#### Task description:
Print the data below again in full, exactly as it stands, with no images.

#### Available data:
################
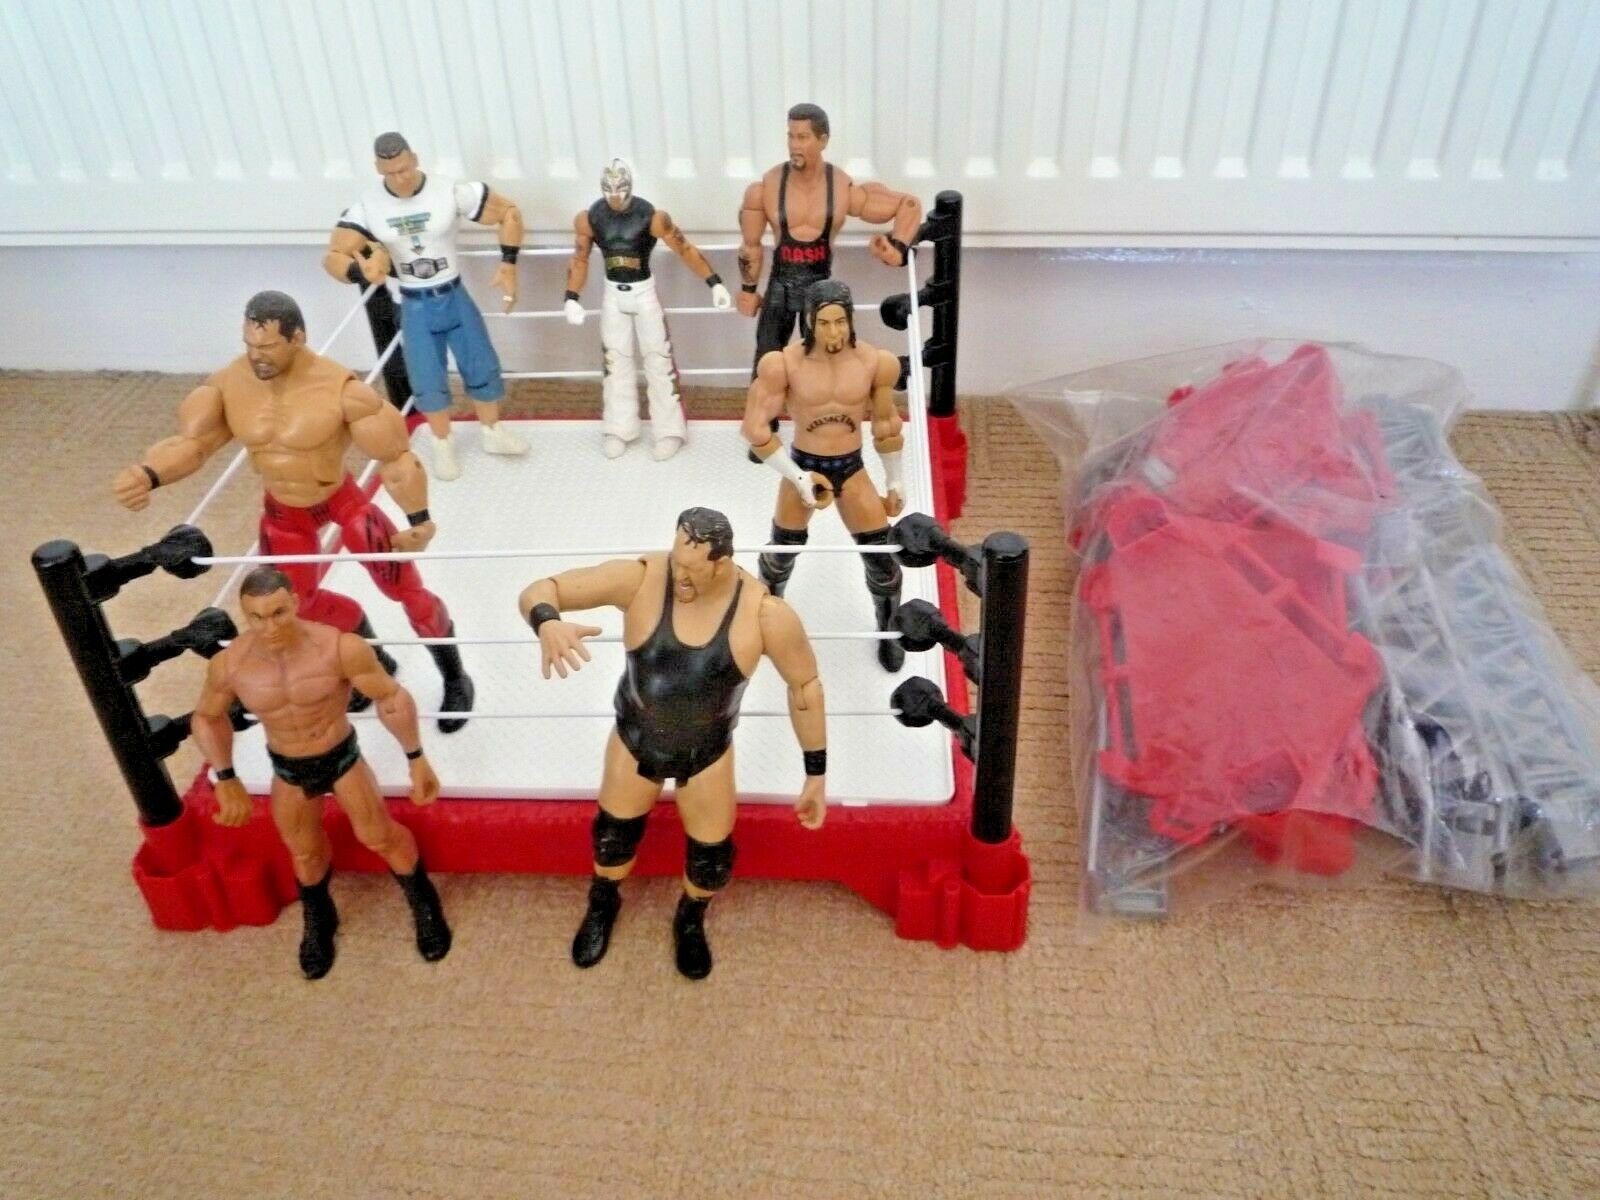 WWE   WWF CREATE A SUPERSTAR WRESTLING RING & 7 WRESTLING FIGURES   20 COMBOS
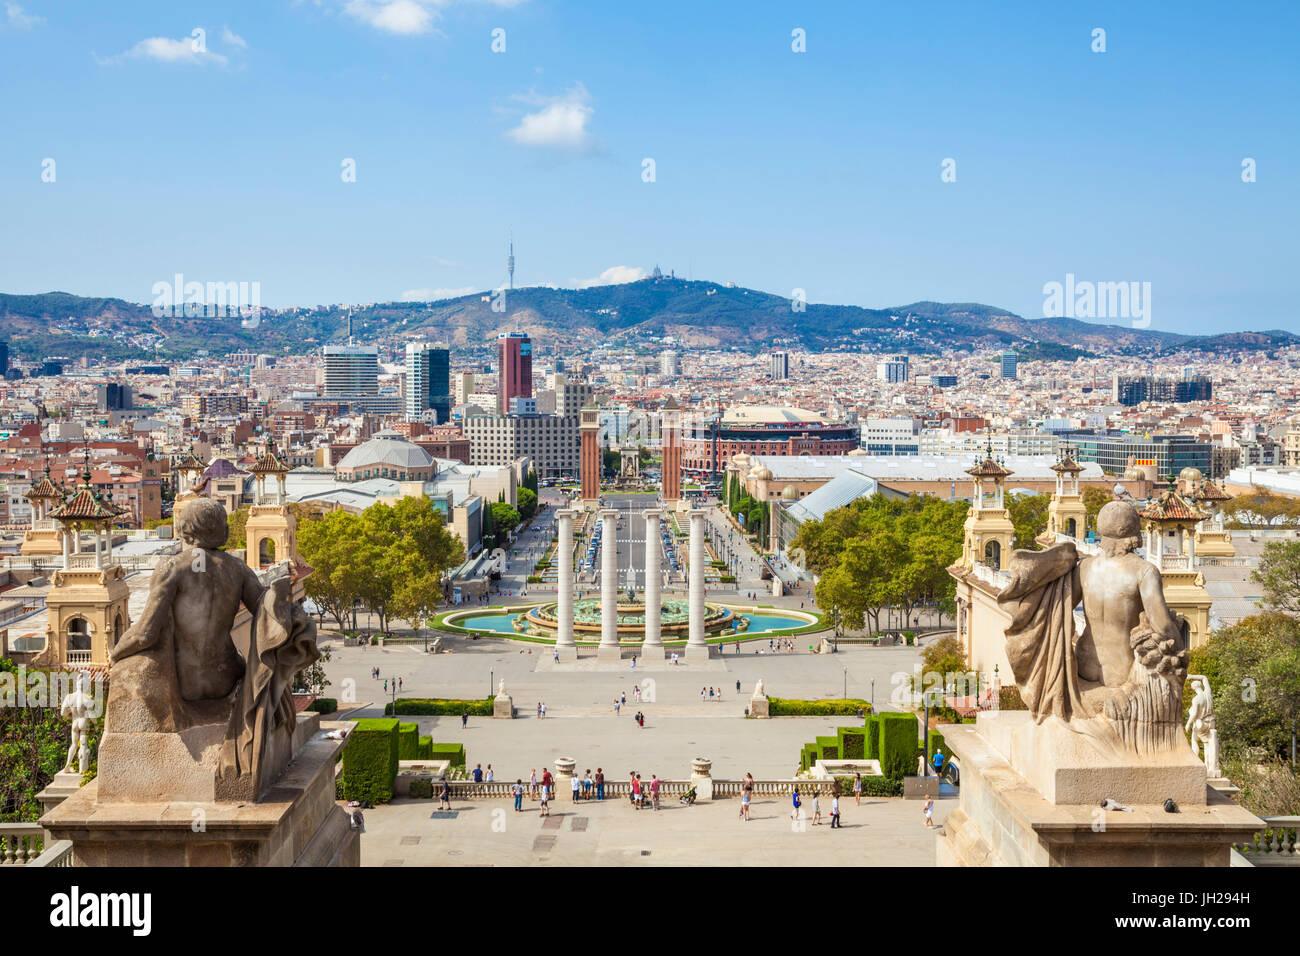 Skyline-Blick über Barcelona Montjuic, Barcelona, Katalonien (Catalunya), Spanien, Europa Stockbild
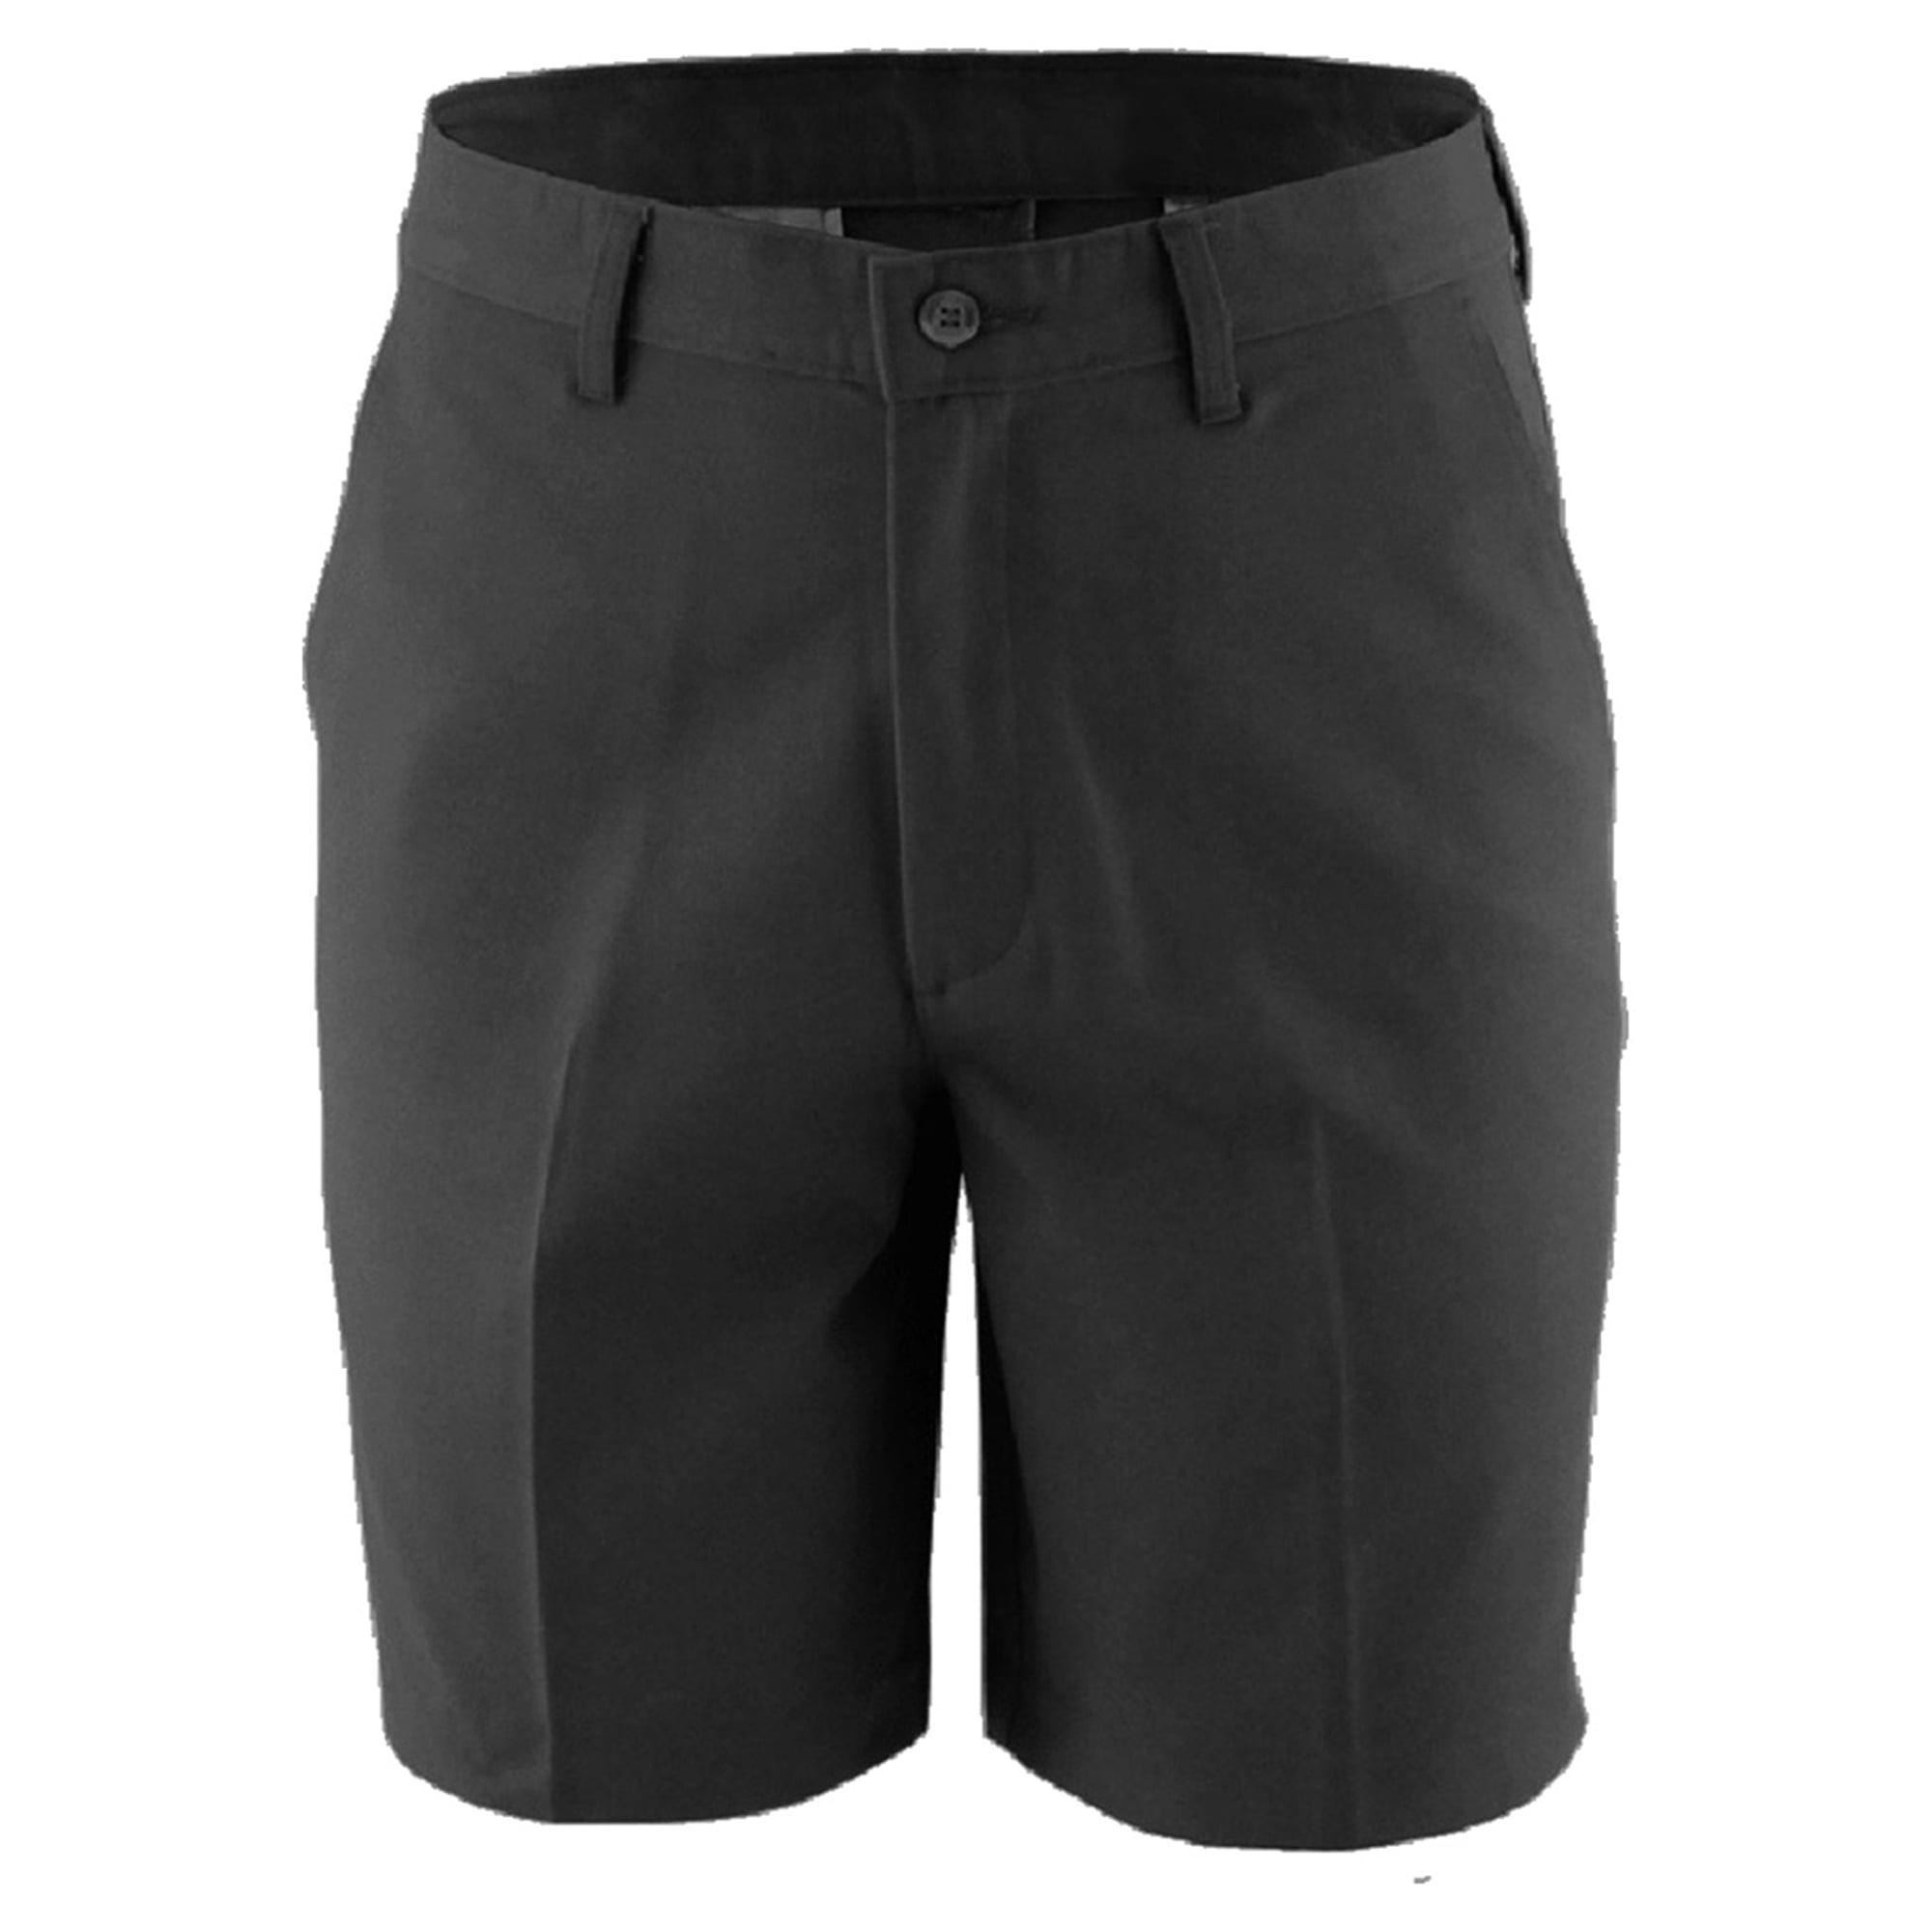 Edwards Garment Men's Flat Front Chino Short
################
#### Reply to the task:
 WWE   WWF CREATE A SUPERSTAR WRESTLING RING & 7 WRESTLING FIGURES   20 COMBOS
 Skyline-Blick über Barcelona Montjuic, Barcelona, Katalonien (Catalunya), Spanien, Europa Stockbild
 Edwards Garment Men's Flat Front Chino Short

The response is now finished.